Pediatric endocrinologist Alison Boyce, MD, is leading efforts at the National Institutes of Health (NIH) Clinical Center and the National Institute of Dental and Craniofacial Research (NIDCR) to develop better diagnosis techniques and treatments for fibrous dysplasia/McCune Albright syndrome (FD/MAS), a rare disorder of the skeleton, skin, and endocrine system.
FD/MAS is caused by gene mutations that arise early in development. As the embryo grows, cells carrying the mutations spread unevenly into areas that eventually give rise to the skeleton, endocrine system, and skin. Due to this patchy pattern of growth, the affected parts of the body and the severity of the disease differ for each patient. When FD/MAS manifests in the endocrine system or bones, it can be disabling and painful, and it can impair quality of life.
Patients with FD/MAS are born with normal skeletons. But over the course of childhood, they may develop scar-like fibrous tissue that replaces healthy bone. These fibrous lesions cause bones to become soft, brittle, and prone to bowing and breaking, which can impair movement and cause pain. These lesions also can cause the skull bones to expand, leading to asymmetry of the head and face, as well as nerve compression that may causes hearing or vision loss.
Other NIH groups have developed interventions for the endocrine problems some patients experience, but “we have no treatments for the patients whose bones are affected. At NIDCR, we’ve gone a really long way trying to fill that gap,” said Boyce, who divides her time between the exam room and the lab.

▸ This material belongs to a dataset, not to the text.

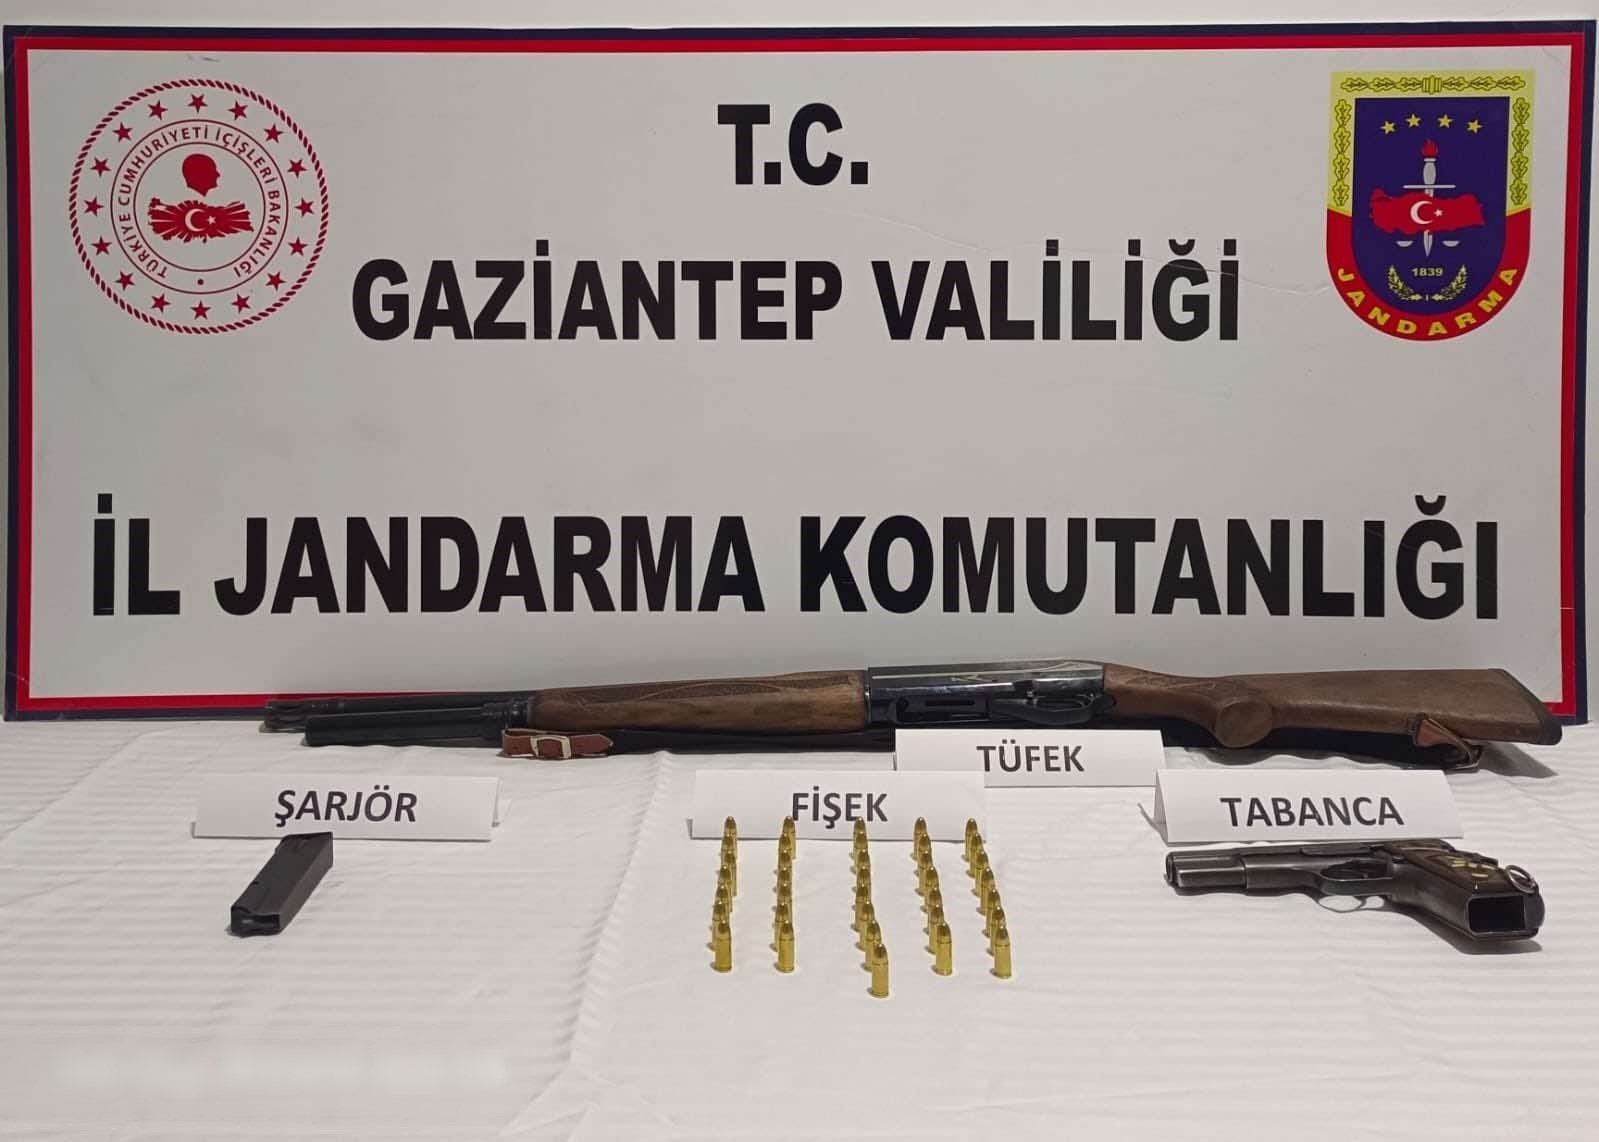 Gaziantep’te kaçakçılık ve uyuşturucu operasyonları: 6 şahıs tutuklandı

Boyce divides her time between the exam room and the lab. At the NIH Clinical Center, she examines patients, characterizing signs and symptoms such as fragile bones, jagged dark patches on skin, and signs of early puberty. She also performs bone scans and collects blood and tissue samples.
“The very first thing parents do is ask what they did wrong,” said Boyce, who helps diagnose these patients. “I tell them that this is not an inherited disease, and they didn’t do anything to cause it. The disease just happens.”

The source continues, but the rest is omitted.